Not true at all and not sure why people keep saying this. Kratom is literally a slew of alkaloids not just Mitra and 70H-mitra. Which means those variegated preparations have different effects. The variation in effect from the literally 100s of different kratom strains and brands I've tried vary widely. Even full spectrum extracts will capture these other alkaloids which gives you an effect that represents the totality of the plant. To say it just contains Mitra by itself goes against basic science and knowledge of this plant. It's like saying cannabis is just THC and nothing else which we clearly know is not true.

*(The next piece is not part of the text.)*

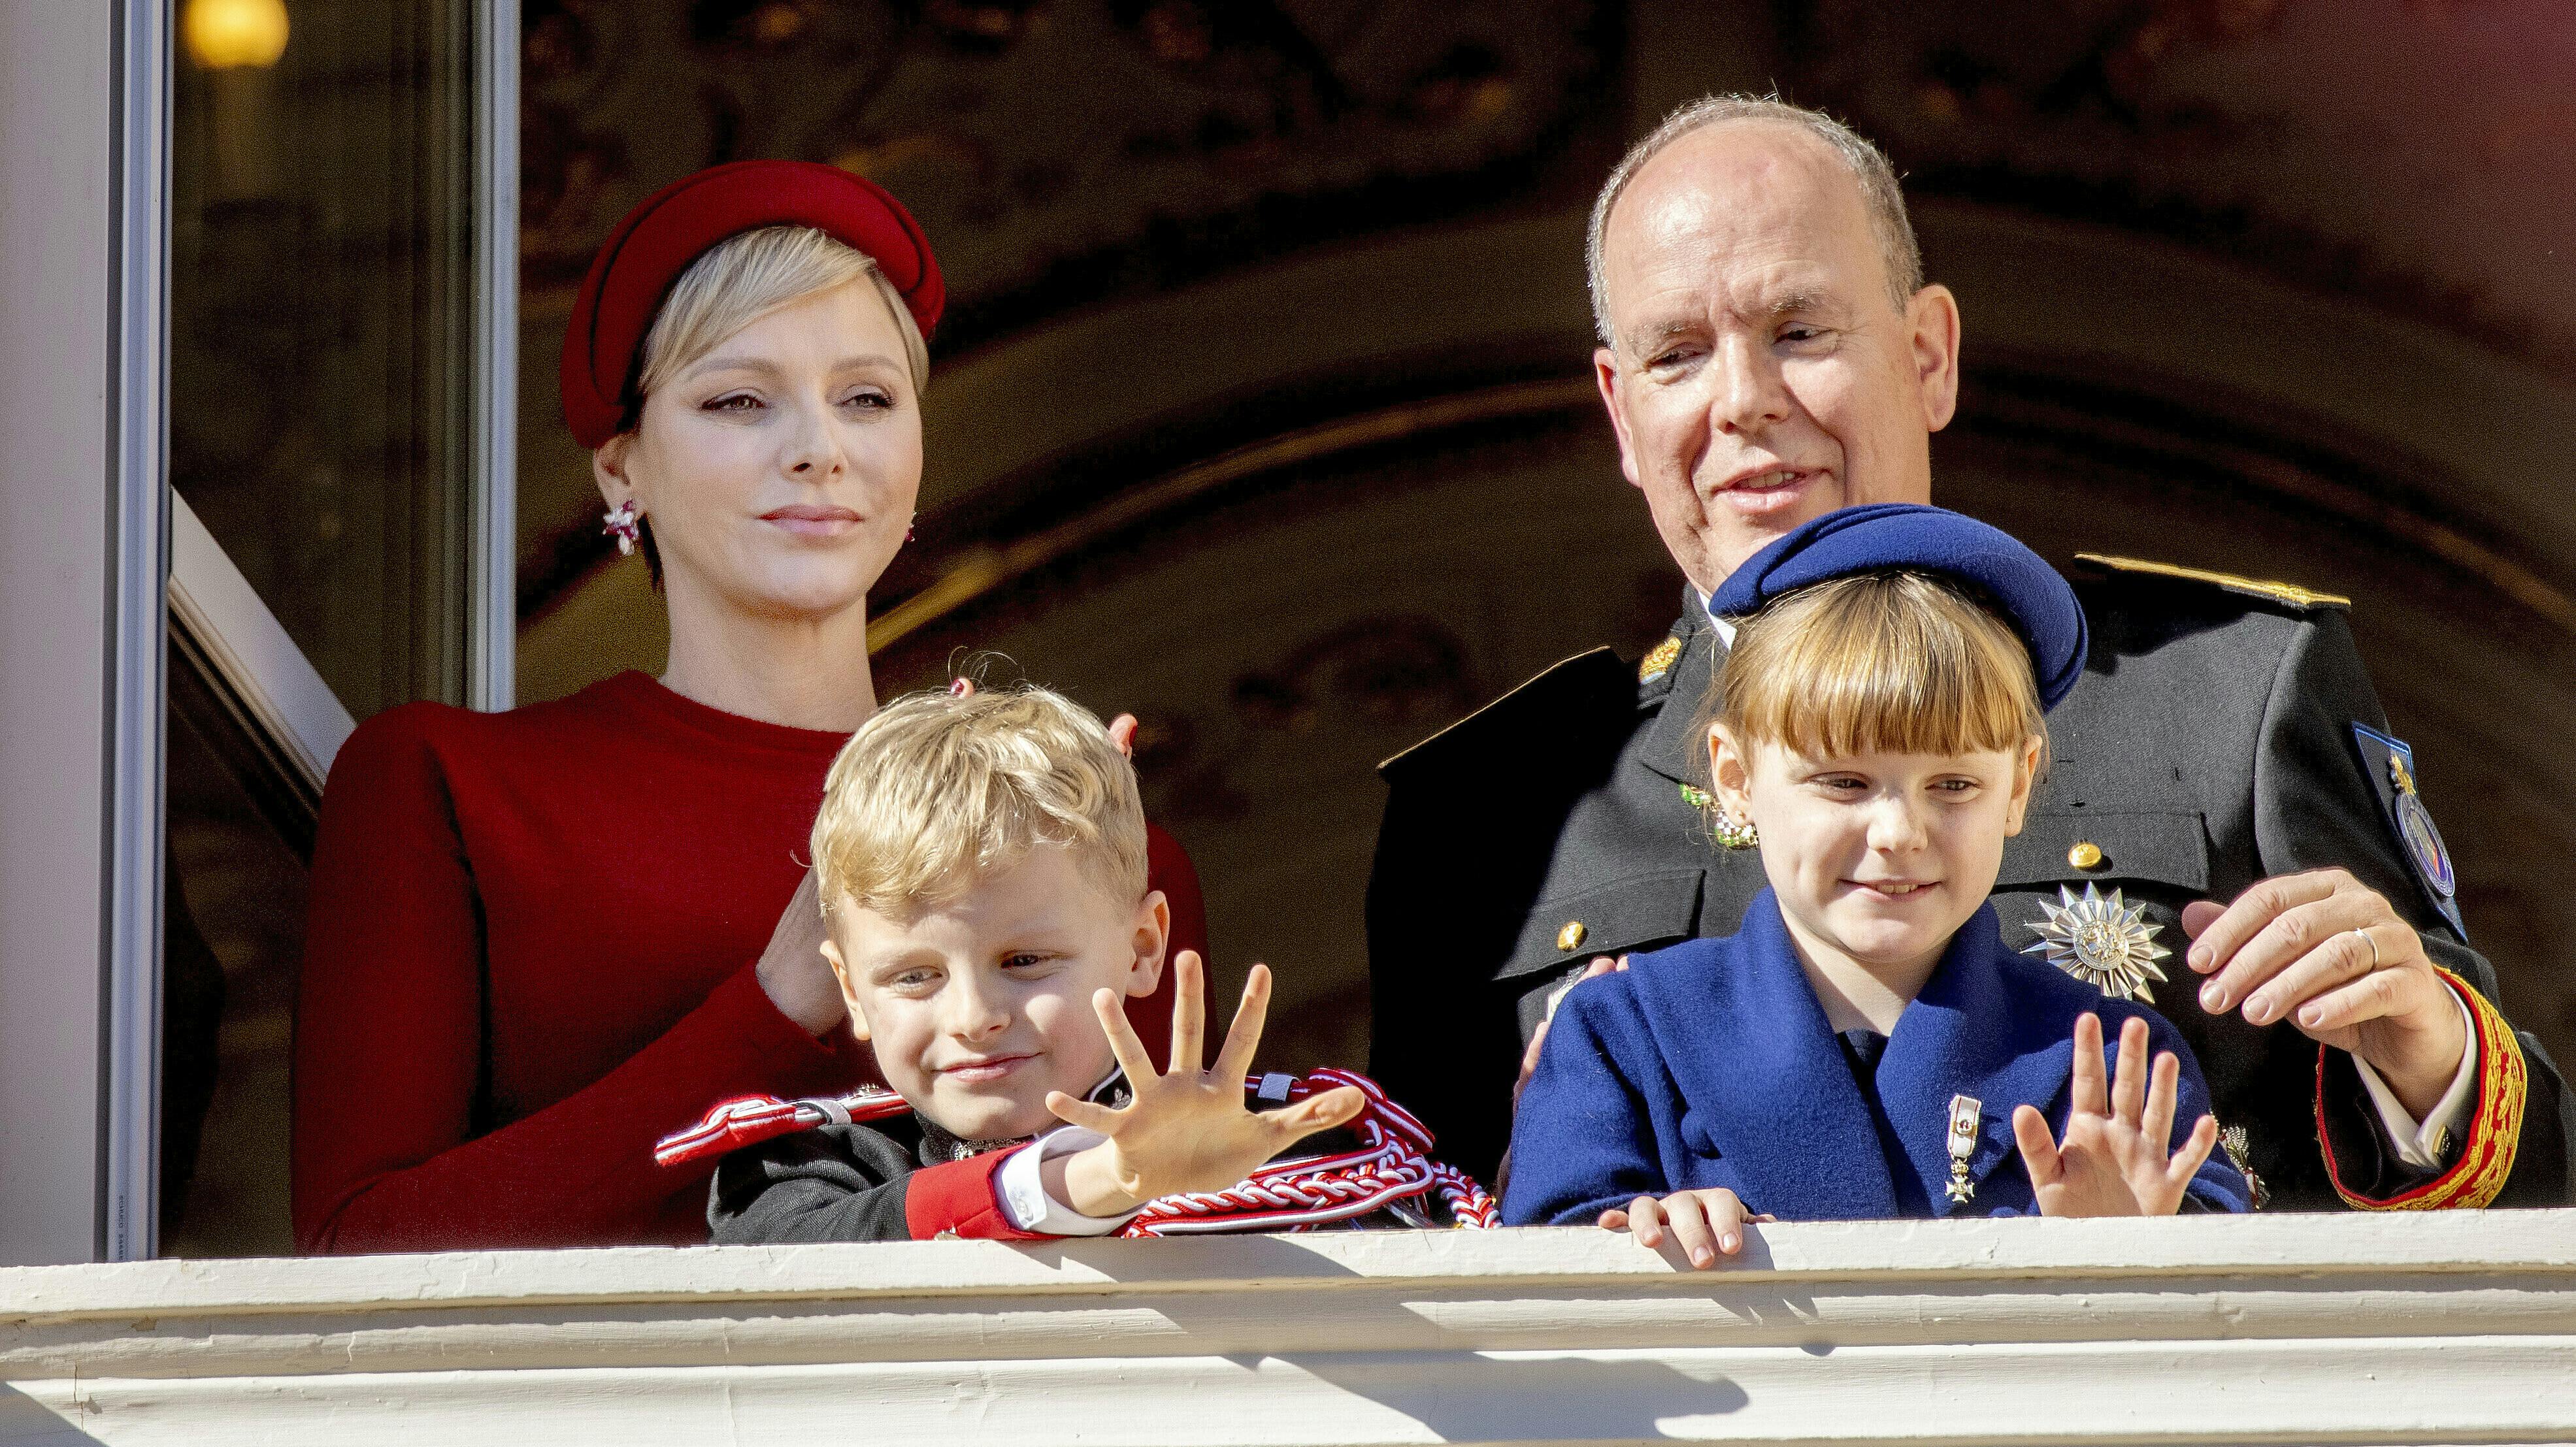 Princess Caroline of Hanover, Andrea Casiraghi and Charlotte Casiraghi of Monaco on the balcony of the Princely Palace in Monaco-Ville, on November 19, 2023, during the Monaco national day celebrations Photo by: Albert Nieboer/picture-alliance/dpa/AP Images

They prepare the kratom in different ways which is where the strain nomenclature comes from. Please stop discrediting science and human experience by saying strains are all the same, go buy a red, white and green strain and try them yourself you should notice a difference. Some people who aren't experienced with drugs or inebriating substances don't have the foundation to describe the difference which I understand completely my brother is like this but plenty of us who are in tune with how substances affect our bodies can write all day long about the variations.
Read this from a research publication:
Kratom produces more than 40 structurally related alkaloids, but most studies have focused on just two of these, mitragynine and 7-hydroxymitragynine. Here, we profiled 53 commercial kratom products using untargeted LC–MS metabolomics, revealing two distinct chemotypes that contain different levels of the alkaloid speciofoline. Both chemotypes were confirmed with DNA barcoding to be M. speciosa.To evaluate the biological relevance of variable speciofoline levels in kratom, we compared the opioid receptor binding activity of speciofoline, mitragynine, and 7-hydroxymitragynine. Mitragynine and 7-hydroxymitragynine function as partial agonists of the human µ-opioid receptor, while speciofoline does not exhibit measurable binding affinity at the µ-, δ- or ƙ-opioid receptors. Importantly, mitragynine and 7-hydroxymitragynine demonstrate functional selectivity for G-protein signaling, with no measurable recruitment of β-arrestin. Overall, the study demonstrates the unique binding and functional profiles of the kratom alkaloids, suggesting potential utility for managing pain, but further studies are needed to follow up on these in vitro findings.